Participants were asked to record the number of health care contacts they had received in the preceding 6 (in the case of the UK) or 12 (in Germany and Italy) months specifically to manage their ataxia. Participants were asked to record the number of health care contacts with the general practitioner (GP), hospital outpatient clinic visits with a neurologist (not at a SAC), SAC visits, hospital inpatient stays, accident and emergency department visits, physiotherapy appointments, speech and language therapy appointments, occupational therapy appointments, and other consultant specialist visits (e.g. an ophthalmologist, an ear, nose and throat specialist, urologist, gastroenterologist and others). Figures for the UK were multiplied by two to give 12-month estimates, commensurate with the other two counties [11]. The wording in the UK version of the questionnaire could have been misunderstood, as respondents were asked to report the number visits to the specialist ataxia centre, and this may have been interpreted by respondents to mean the number of visits to see a specialist about their ataxia at the hospital where the SAC was, irrespective of the type of specialist seen or whether or not the visit was at a SAC. We know that according to routine practice in the UK people with ataxia who attended a SAC are invited to visit the centre once per year. Therefore, all UK respondents who reported attending the SAC were calculated to have one visit to the SAC each year and any additional visits that were reported were included in the economic analysis as other consultant specialist. Unit costs for each type of contact were obtained from local providers or published sources [12, 13]. All costs were calculated in 2021 €; 2021 unit costs for the UK were reported in UK£ and converted into € using GDP Purchasing Power Parities; unit costs for Germany and Italy were reported in €; prices were converted into 2021 values using consumer price indices for each country. Given the small numbers of respondents, and the variation in the numbers of respondents to each resource use question, we multiplied the unit cost by the mean volume of resource use for each type of resource use and summed these across all types of resource use to calculate mean annual treatment costs per patient per annum in each of the three countries.

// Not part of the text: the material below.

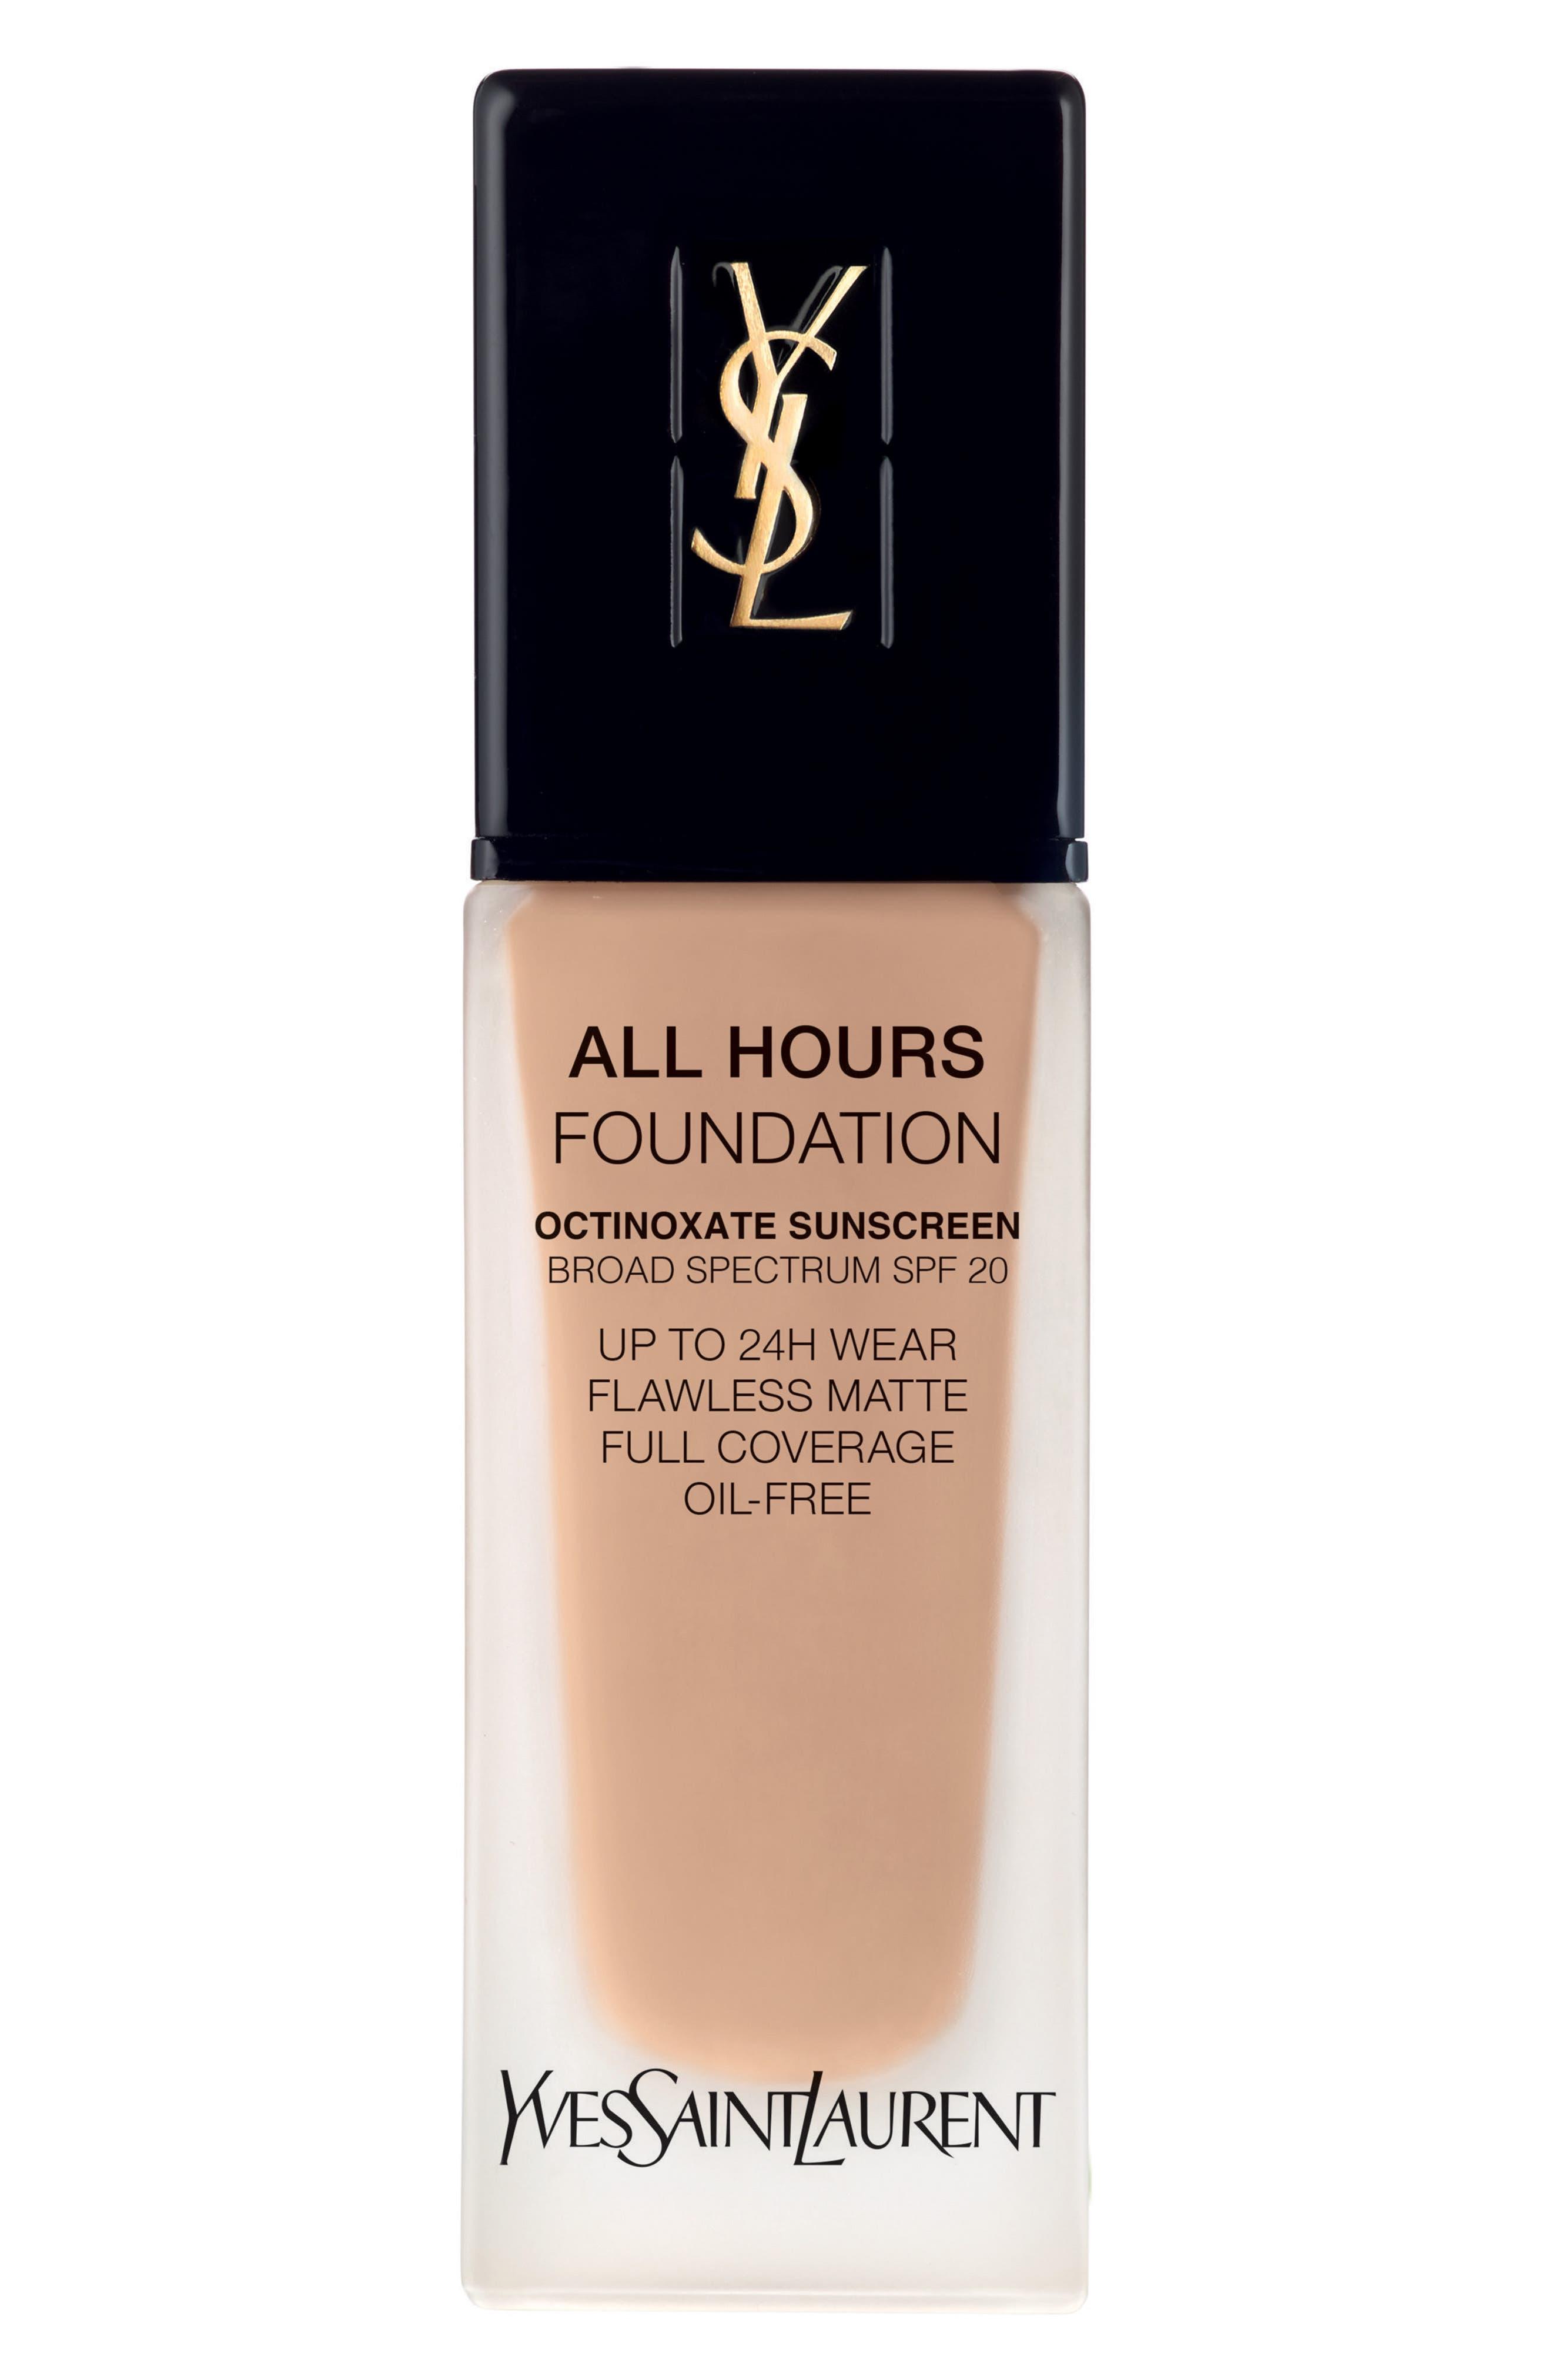 Yves Saint Laurent All Hours Full Coverage Matte Foundation Spf 20 - B40 Sand

Participants were also asked whether they were currently attending or had ever attended a SAC. Participants who reported they had never been to a SAC were grouped in the “non-SAC” group; those who reported they were currently attending a SAC for some or all of their treatment were grouped in the “SAC” group. A third group comprising people who used to go to a SAC for some or all of their treatment but no longer attend were not included in the analysis; the number of respondents in this group was small, and it was unclear whether their resource use and costs would be affected by their previous contact with the SAC.

We compared average resource use for each contact type, and costs, over a 12-month period, stratifying patients by whether they were currently attending a SAC or had never attended a SAC. We tested for significant differences in mean resource use and costs between the SAC/non-SAC groups in each country using unadjusted and adjusted ordinary least squares regression analysis, the latter controlling for age, sex, number of symptoms experienced as a result of ataxia, and whether or not the patient had comorbidities. We also tested for significant differences in mean contacts and costs between countries separately for non-SAC and SAC groups using adjusted ordinary least squares regression analysis, controlling for age, sex, number of symptoms experienced as a result of ataxia, and whether or not the patient had comorbidities.